By JOHN HARLOW | Editor-in-Chief
Sunday, Aug. 20, marked the 35th anniversary of the release of Amy Heckerling’s “Fast Times at Ridgemont High,” based on a year-long undercover investigation into teen rituals at a San Diego high school by Rolling Stone journalist and future Palisadian Cameron Crowe.
The film not only made the writer and director’s reputations, but also introduced the world to future Oscar winners Sean Penn, Nicolas Cage (billed as Nicolas Coppola) and Forest Whitaker.
In 2005 the low-budget teen comedy was selected for preservation in the Library of Congress for being “culturally, historically or aesthetically significant.”
It could have been very different.
Universal Studios wanted David Lynch, master of the meandering oddity, to direct it, Crowe told Hollywood Reporter last week.
The star of the movie remains the former Sherman Oaks Galleria, ground zero for the Ridgemont High social lives.
The filmmakers took it over after the stores closed every night for two months.

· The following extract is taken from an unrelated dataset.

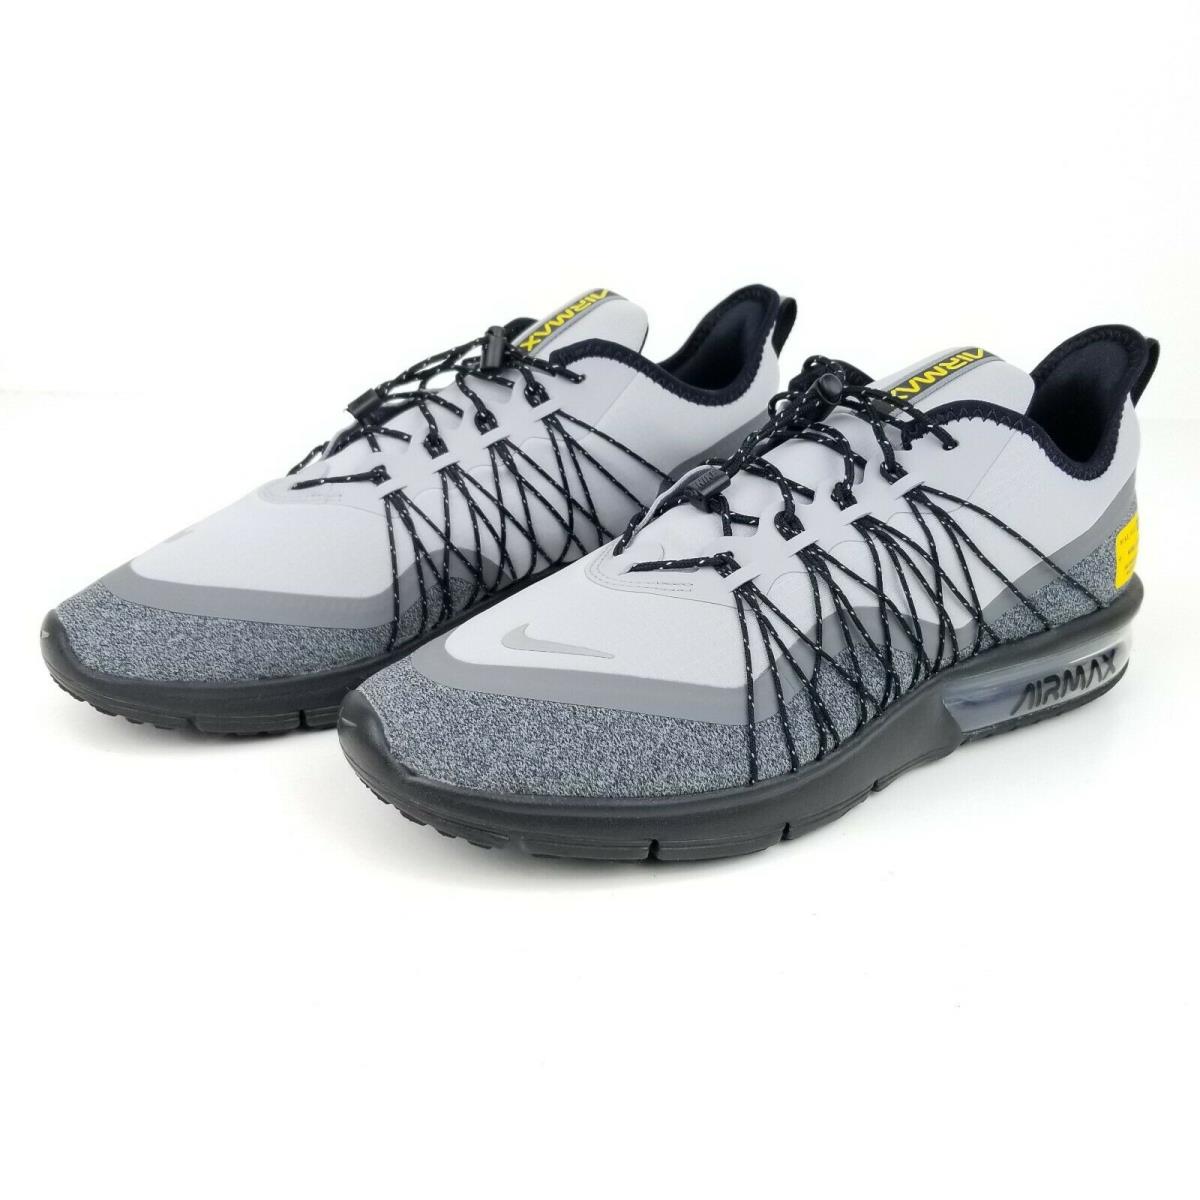 Nike Air Max Sequent 4 Utility Mens Running Shoes Gray AV3236 003 Sizes 8.5-13

At one point, it would have starred Matthew Broderick, who went on to star in another teen classic, “Ferris Bueller’s Day Off” made by the late John Hughes. He credited “Fast Times,” after a shaky start, with making more realistic teen movies commercially viable in the 1980s.
First edition copies of Crowe’s 1981 book now sell for $300 on eBay, while the Palisadian went on to direct “Jerry Maguire,” “Almost Famous” and “Vanilla Sky.”